Record no. 2008/5167P

THE HIGH COURT

Personal injuries – Injuries suffered during work duties – Duties carried out for predecessor in title of first defendant – Whether proceedings should be dismissed for want of prosecution

Facts: The appellant claimed that he had been injured whilst moving shredding consoles as part of his work duties for the first defendant’s predecessor in title. He sought damages for the injuries, but the defendants now applied to have the proceedings dismissed for want of prosecution.

Held by Ferriter J that the application would be dismissed. Whilst the Court was persuaded that there had been both inordinate and inexcusable delay, the balance of justice did not favour the dismissal of the plaintiff’s claim. The parties were urged to ensure no further delays occurred. Primor v. Stokes Kennedy Crowley [1996] 2 I.R. 459 considered.

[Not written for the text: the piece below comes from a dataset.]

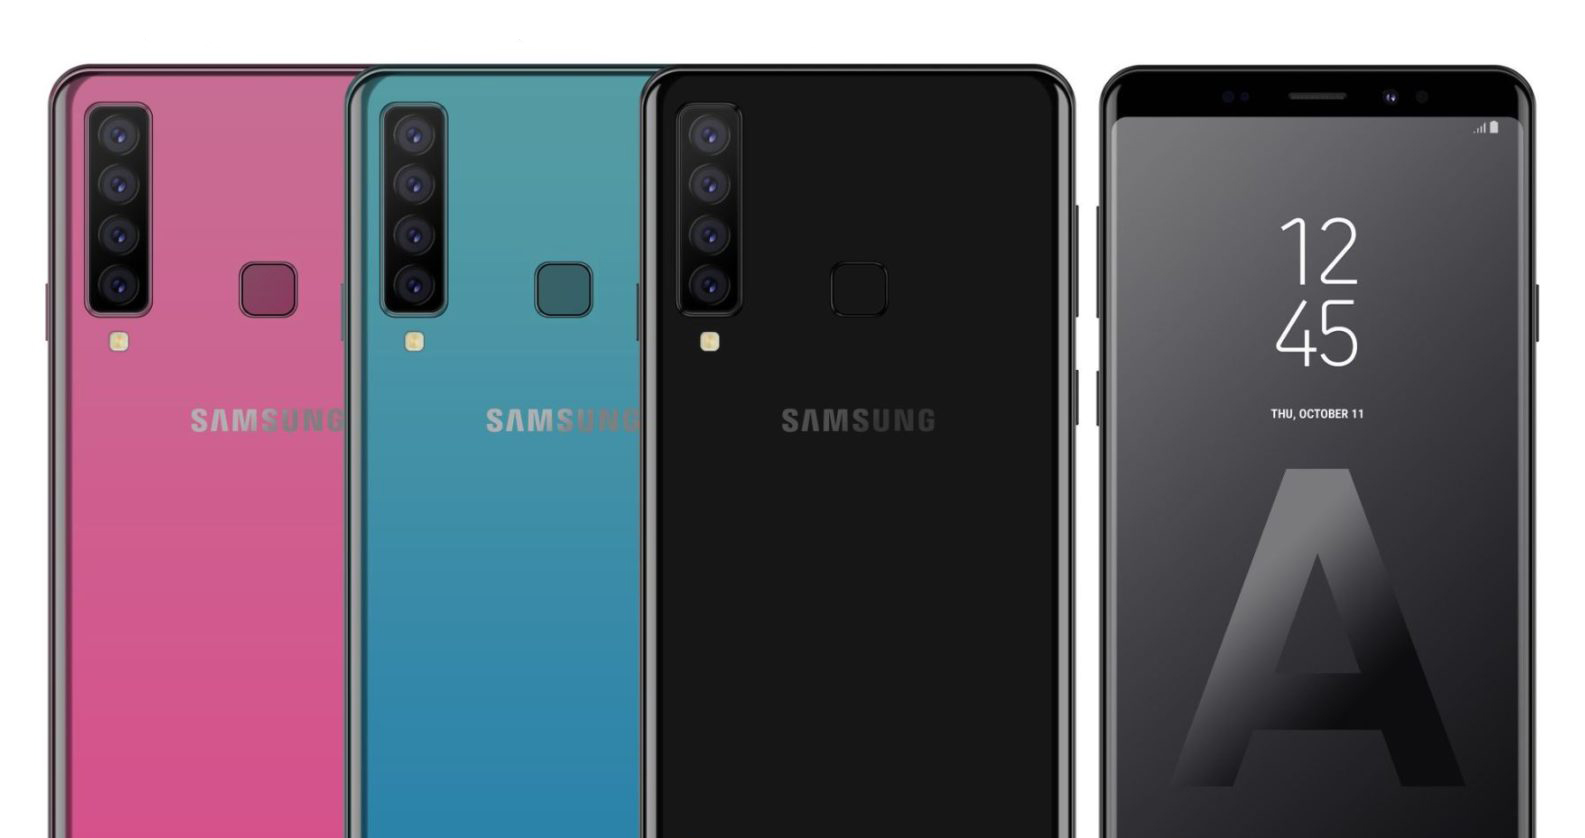 Samsung Galaxy A9s

Judgement of Mr Justice Cian Ferriter delivered this 26 th day of January 2022

Introduction
1

This judgment addresses the defendants' application to have the plaintiff's proceedings dismissed for want of prosecution pursuant to the inherent jurisdiction of the court.

Background
2

In these proceedings, the plaintiff seeks damages for personal injuries in respect of injuries said to arise from an accident while performing work duties for the predecessor in title of the first named defendant (then Shreddit Ltd.).

3

The plaintiff pleads in his personal injuries summons that the accident occurred on 16 August 2005 at the premises of the second-named defendant (“Deloitte”) in Harcourt Street, Dublin while he was moving shredding consoles. The defendants say there is some controversy as to the precise date and location of the alleged incident given that the plaintiff in his pre-action letter of 3 November 2006 and in other documentation claims that the accident happened in June 2005 at a time when the defendants say it could not possibly have taken place on the premises of Deloitte.

Principles
4

The principles applicable to an application such as this such as this are well settled. The test applicable is that enunciated in Primor v. Stokes Kennedy Crowley [1996] 2 I.R. 459, as subsequently developed. Hamilton C.J. in Primor v. Stokes Kennedy Crowley stated as follows (at 475) in relation to the relevant principles:-

‘The principles of law relevant to the consideration of the issues raised on this appeal may be summarised as follows:

  • (a) the courts have an inherent jurisdiction to control their own procedure and to dismiss a claim when the interests of justice require them to do so;

  • (b) it must, in the first instance, be established by the party seeking dismissal of proceedings for want of prosecution on the ground of delay in the prosecution thereof, that the delay was inordinate and inexcusable;

  • (c) even where the delay has been both inordinate and inexcusable the court must exercise a judgement on whether, in its discretion, on the facts the balance of justice is in favour of or against the proceeding of the case;

  • (d) in considering this latter obligation the court is entitled to take into consideration and have regard to:

    • (i) the implied constitutional principles of basic fairness of procedures,

    • (ii) whether the delay and consequent prejudice in the special facts of the case are such as to make it unfair to the defendant to allow the action to proceed and to make it just to strike out the plaintiff's action,

    • (iii) any delay on the part of the defendant — because litigation is a two-party operation, the conduct of both parties should be looked at,

    • (iv) whether any delay or conduct of the defendant amounts to acquiescence on the part of the defendant in the plaintiff's delay,

    • (v) the fact that conduct by the defendant which induces the plaintiff to incur further expense in pursuing the action does not, in law, constitute an absolute bar preventing the defendant from obtaining a striking out order but is a relevant factor to be taken into account by the judge in exercising his discretion whether or not to strike out the claim, the weight to be attached to such conduct depending upon all the circumstances of the particular case,

    • (vi) whether the delay gives rise to substantial risk that it is not possible to have a fair trial or is likely to cause or have caused serious prejudice to the defendant,

    • (vii) the fact that the prejudice to the defendant referred to in (vi) may arise in many ways and be other than that merely caused by the delay, including damage to the defendant's reputation and business.’

5

In the decision of the Court of Appeal in Millerick v. Minister for Finance [2016] IECA 206, Irvine J. (as she then was) summarised the position as follows:-

“17. The principles which apply on an application brought to dismiss proceedings for inordinate and inexcusable delay are fully explored in the written submissions that have been delivered by the parties. The most oft cited decision is that of the Supreme Court in Primor plc v. Stokes Kennedy Crowley [1996] 2 I.R. 459 where guidance is given concerning the proper approach to be adopted by the Court when met with such an application.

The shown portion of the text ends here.